Por su contenido y por la imposibilidad de detenerla, no de otra manera se puede denominar la incesante producción de fallos, leyes, decretos, resoluciones, circulares y demás documentos y actuaciones mediante los cuales todas las ramas del Estado invaden y traban cada vez más la vida de los colombianos.
Entre 2000 y 2016 se adoptaron en Colombia 17.000 decretos y 69.000 resoluciones. ¡Cerca de 3 decretos y 11 resoluciones por día! En ese mismo lapso, el Congreso emitió 1.323 leyes, o sea 78 por año, una cada 4 días y medio. Sin contar la infinidad de disposiciones que van desde los encumbrados fallos de nuestra Corte Constituyente hasta los acuerdos del más pequeño concejo municipal, la explosión regulatoria de Colombia es tal que en uno de los temas en los que peor calificación recibe el país en el Informe Mundial de Competitividad del Foro Económico Mundial 2017-2018 es en el de la carga por regulaciones gubernamentales. En este, Colombia ha venido perdiendo posiciones continuamente y hoy ocupa el puesto 123 entre 137 países.
Para peor, en un país donde sacan una nueva ley para todo, es poca la idoneidad de las personas, autoridades o ‘expertos’ que imponen las normas. En el Congreso, por ejemplo, buena parte de quienes pueblan las Unidades de Trabajo Legislativo (UTL) son meras ‘corbatas’ nombradas para pagar favores políticos. Por eso el Gobierno, con sus ministerios, termina imponiendo la agenda legislativa y haciendo aprobar sus iniciativas sin mayor discusión pública. Como, generalmente, la calidad de quienes actúan en el Ejecutivo no es muy superior a la de los que están en las UTL, el resultado final es pésimo. Y así es en toda la línea, desde las normas nacionales hasta las del último municipio del país.
La oportunidad, racionalidad y eficacia del marco regulatorio son esenciales para que el país cuente con un esquema normativo que contribuya al desarrollo económico y social, y no uno que termine afectando la eficiencia y productividad. Por eso, una de las pocas buenas recomendaciones que la Ocde le ha hecho a Colombia es la de transformar su política regulatoria y establecer un “conjunto común y obligatorio de estándares y requisitos administrativos para preparar regulaciones de la máxima calidad y sustentadas en evidencia”.
Debe haber un análisis previo de los impactos de las normas, sean estos económicos, políticos, ambientales, sociales o de otro tipo. Deben publicarse evaluaciones posteriores sobre las normas adoptadas, para determinar si las regulaciones han producido los efectos deseados. Así mismo, la consulta pública debe ser real y no, como ahora, un simple formalismo. Y deben publicarse las hojas de vida, experiencia y resultados de quienes están en los equipos técnicos preparando proyectos de ley, ponencias y proyectos de decreto y resoluciones, y respondiendo a las consultas.

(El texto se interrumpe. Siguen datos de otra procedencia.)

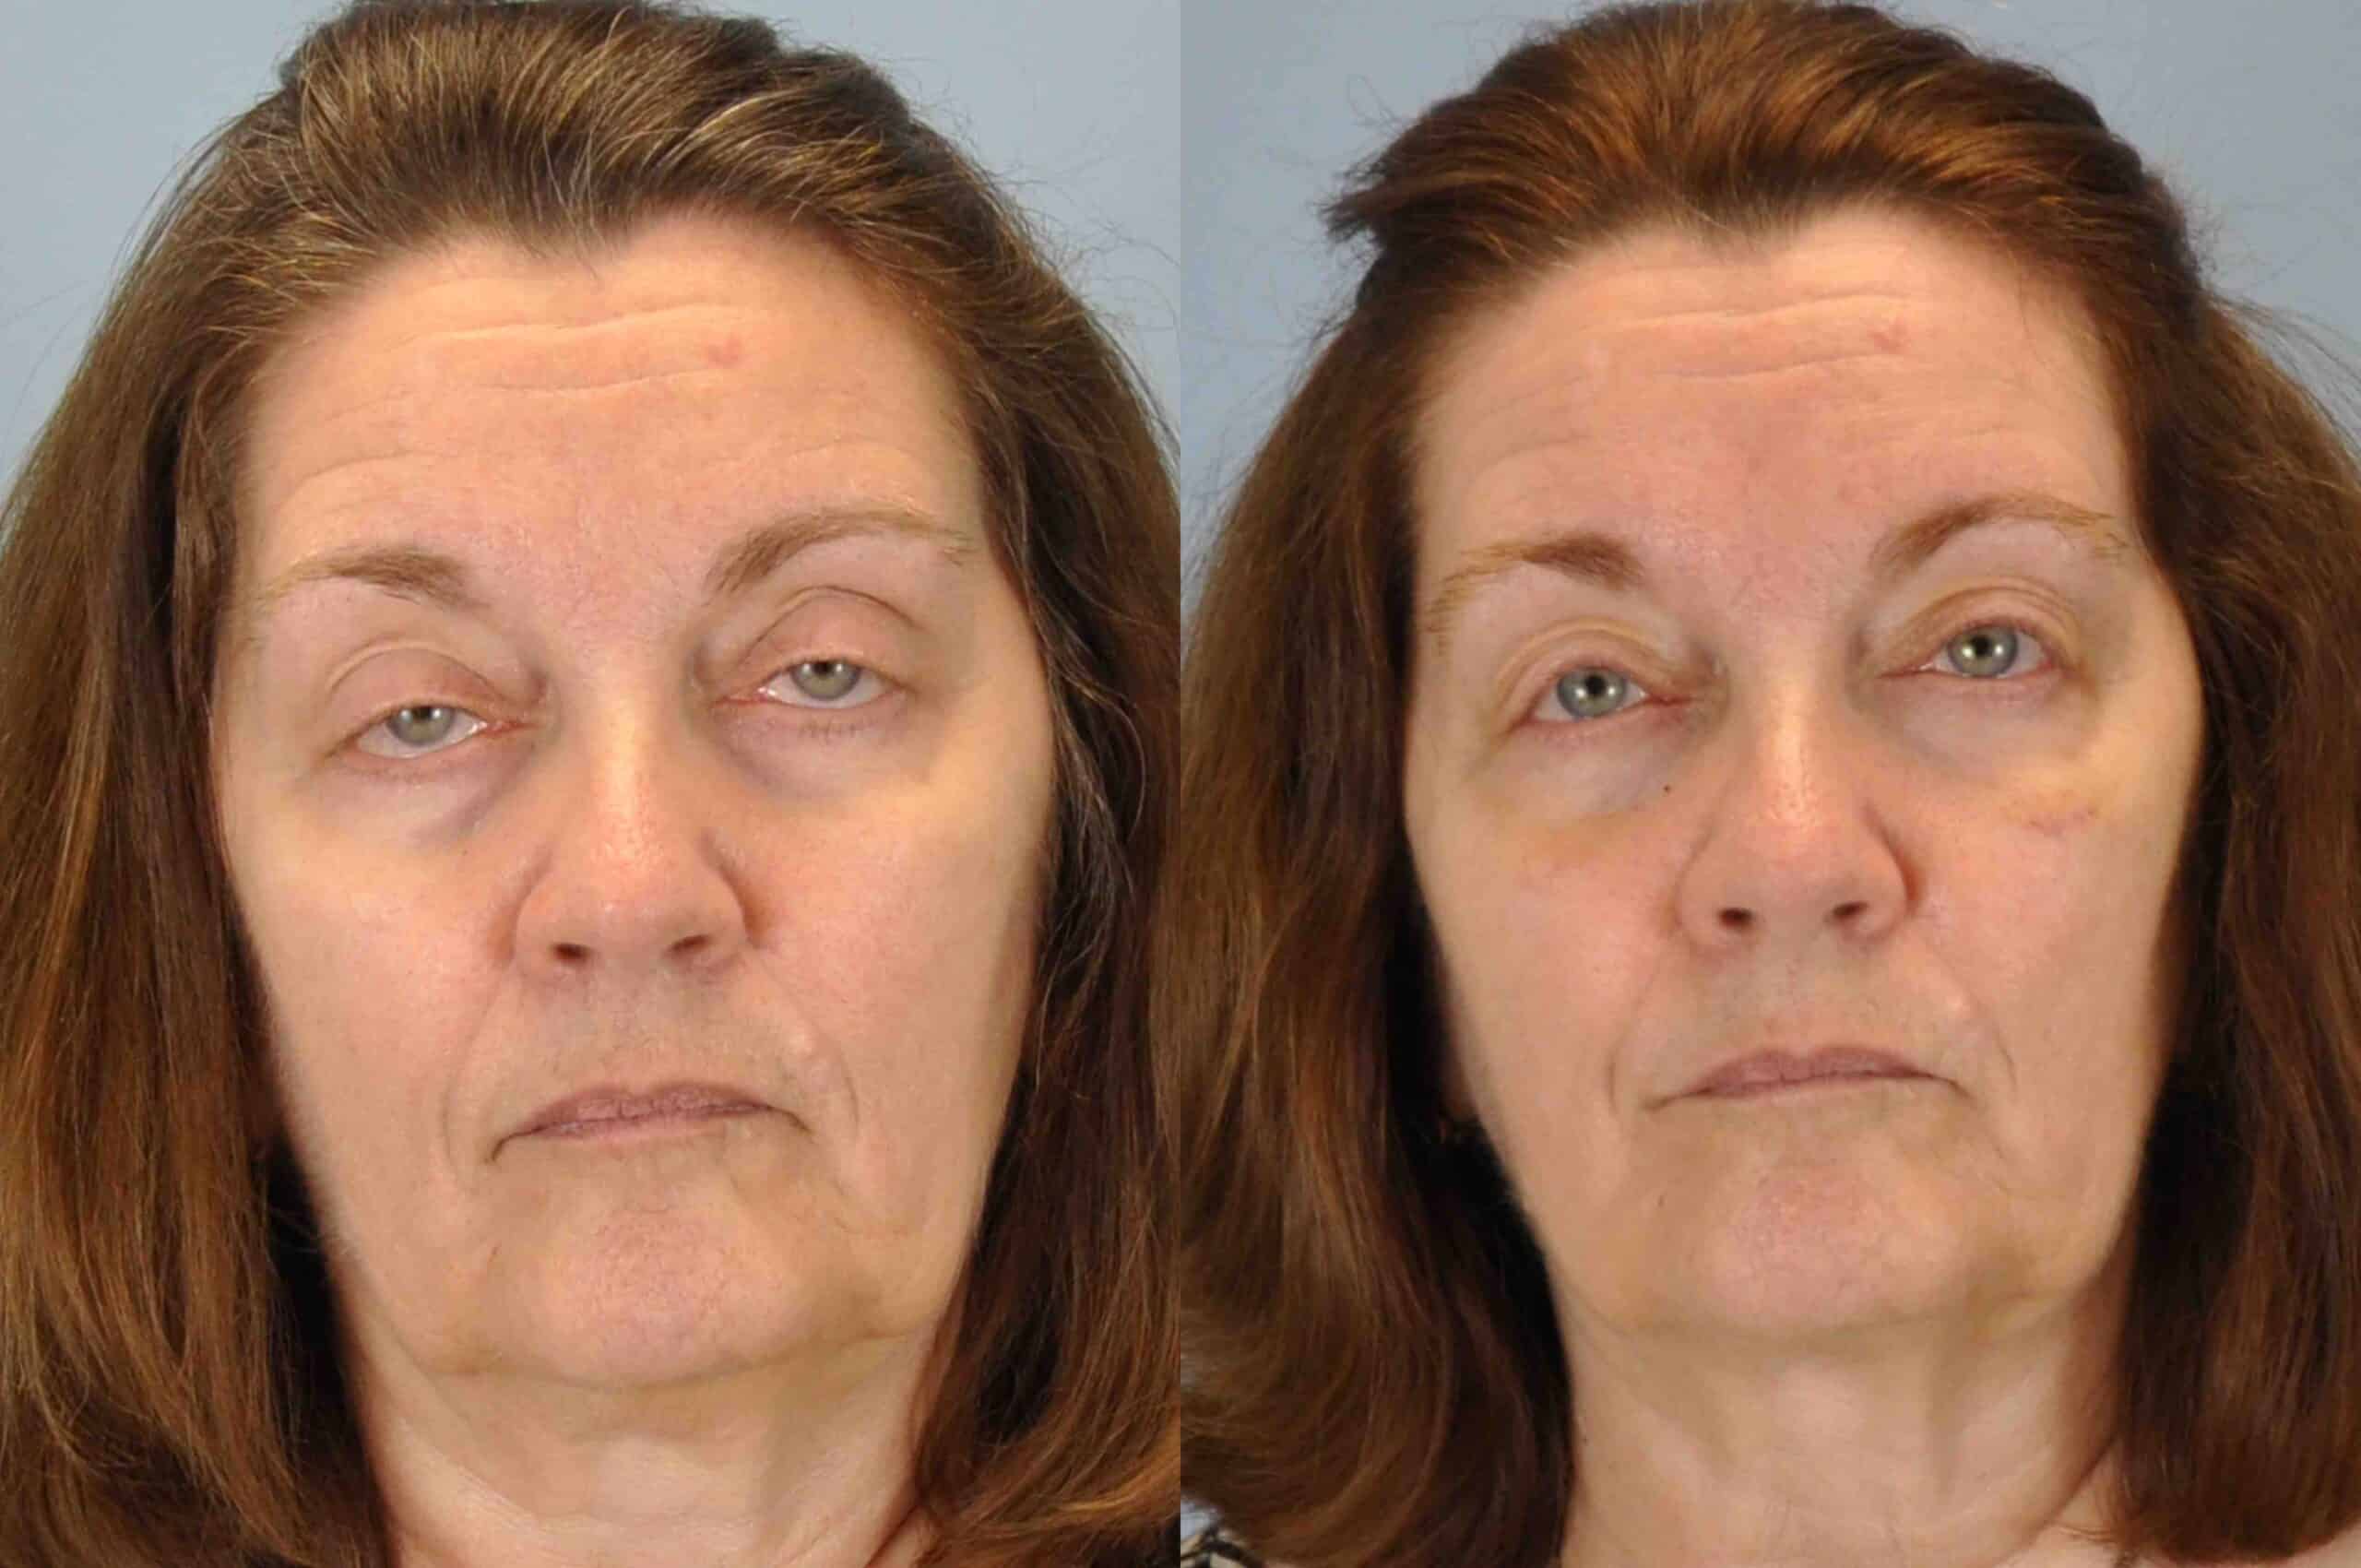 Before and after 3 weeks post op from Lower blepharoplasty, Levator Ptosis performed by Dr. Paul Vanek (front view)

Al iniciar 2017, EEUU anunció una ambiciosa política para reducir la carga de la explosión regulatoria sobre su economía (3,8% del PIB allá, varias veces eso aquí), y su presidente ordenó que por cada nueva regulación que adopten las agencias federales debían eliminar dos. En los primeros 10 meses de vigencia de esa decisión se eliminaron 67 regulaciones y se adoptaron 3. Los candidatos a la Presidencia debieran ofrecer hacer algo parecido en Colombia. ¡Es hora de detener la horrible diarrea normativa que nos ahoga!